Although the context has a different slant, I am reminded of Paul’s words, “Shall the thing formed say to him that formed it, Why hast thou made me thus?  Hath not the potter power over the clay, of the same lump to make one vessel unto honor, and another unto dishonor?”[ii]  Paul also talks about Pharaoh having purpose: “Even for this same purpose have I raised thee up, that I might show my power in thee, and that my name might be declared throughout all the earth.”[iii]  And of course, he also states, “We are his workmanship, created in Christ Jesus unto good works….”[iv]

I feel sorry for people who think we are all accidents of nature.  It means none of us have any intentional design, and consequently neither do we have any purpose other than that for which we mold ourselves.  And it would seem the result of “natural selection” and “survival of the fittest” would be that jealousy and envy would be a necessary part of our survival.  Isn’t it interesting that God’s methods are exactly opposite the approaches to which we naturally default?

Maybe if I got a better vision of you, and the fact that I am here for you, and others are here for you – rather than the other way around – it would free me to allow us all to fully be all you have designed us to be – without envy or jealousy.

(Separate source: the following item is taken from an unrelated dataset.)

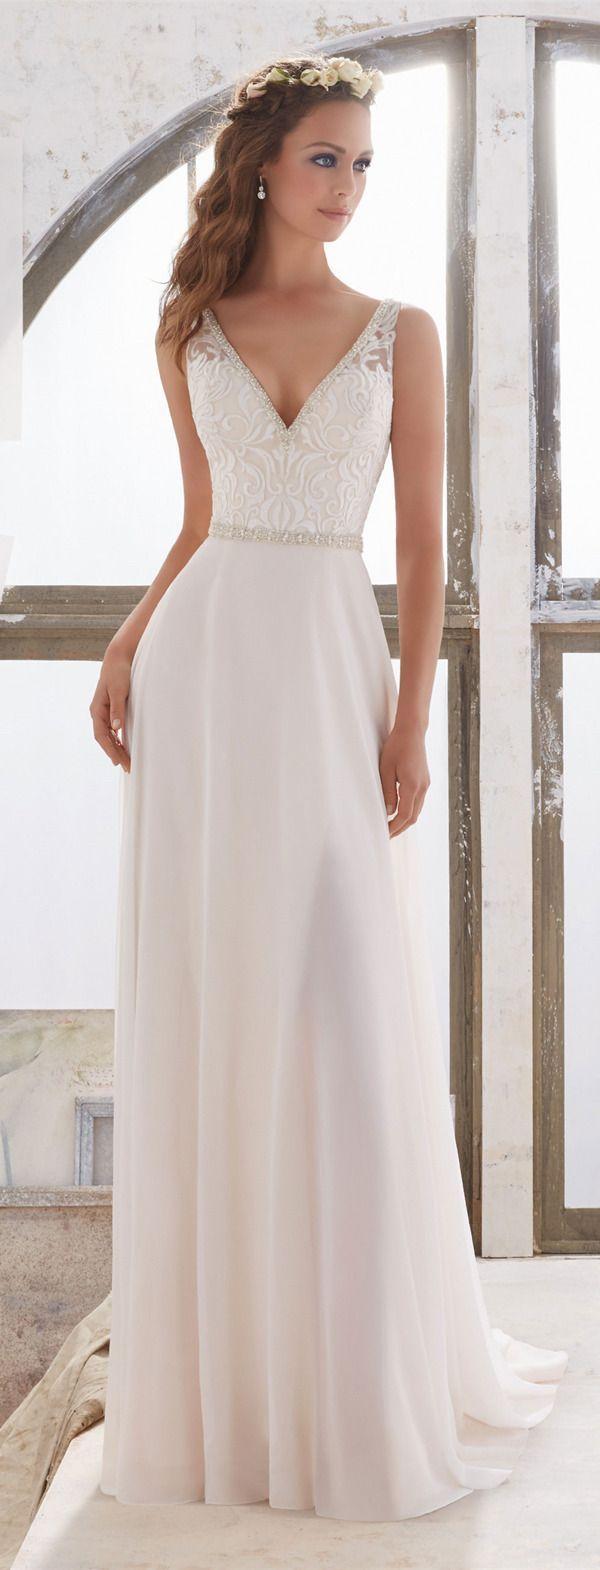 Wedding dress designers under 5000  Simple Backyard Wedding Dresses  Dresses for Guest at Wedding Check

“Thou art worthy, O Lord, to receive glory and honor and power:  for thou hast created all things, and for thy pleasure they are and were created.”[v]



[i] Eighth Day of Creation, Elizabeth O’Connor, Potters House Book Service, 1971, p.34

[ii] Romans 9:20-21

[iii] Romans 9:17

[iv] Ephesians 2:10

[v] Revelation 4:11

the big picture

April 8, 2007

I became exasperated recently while reading reviews on Amazon.com of the book Hidden in Plain Sight:  The Secret of More by Mark Buchanan.  A reviewer reported the author erred in stating Peter cut off the ear of a soldier in the Garden of Gethsemane “when everybody knows” it was not a soldier, but a servant of the high priest.  He concluded he could never trust the author’s work because of such a blatant error.  This, as opposed to seeing the incident within the entire body of the author’s work.

But this is me.  If I were reviewing an untried author – one new to me – I might be concerned or a little more cautious in my reading of his work until he proved himself a qualified teacher.  Yet I am also fearful I will inadvertently author something erroneous.  And how can I not?  I’m only human.  Only partially trained in truth.  Only capable of finite understanding of an infinite God and his ways.

Studying in context used to be my mantra, and that of the religious groups in which I participated.  I still demand the big picture when someone is explaining something to me.  Yet I take isolated incidents and actions/non-actions and formulate harsh observations and construct rigid principles rather than placing each within the context of all I know of God’s character and purpose.  Sometimes I fail to make determinations and decisions based on that bigger picture.

For example, I was recently listening to a friend play the pop ballad, I Can’t Make You Love Me, on the piano.  One phrase in the song rang false to me:  “You can’t make your heart feel something it won’t.”  I felt it misrepresented possibility in a God-ordered world.  I started recalling all the testimonies of estranged couples who had successfully asked God to restore their marriages and their shattered love for each other. Of course, the purpose of the song’s lyrics was not to speak the truth of possibility, but the truth of honest feelings – regardless of possibilities.

How do I extend and receive grace in this area of communicating thoughts, while not compromising truth?  And can you please help me be consistent, across the board with seeing life holistically rather than drowning in minutiae?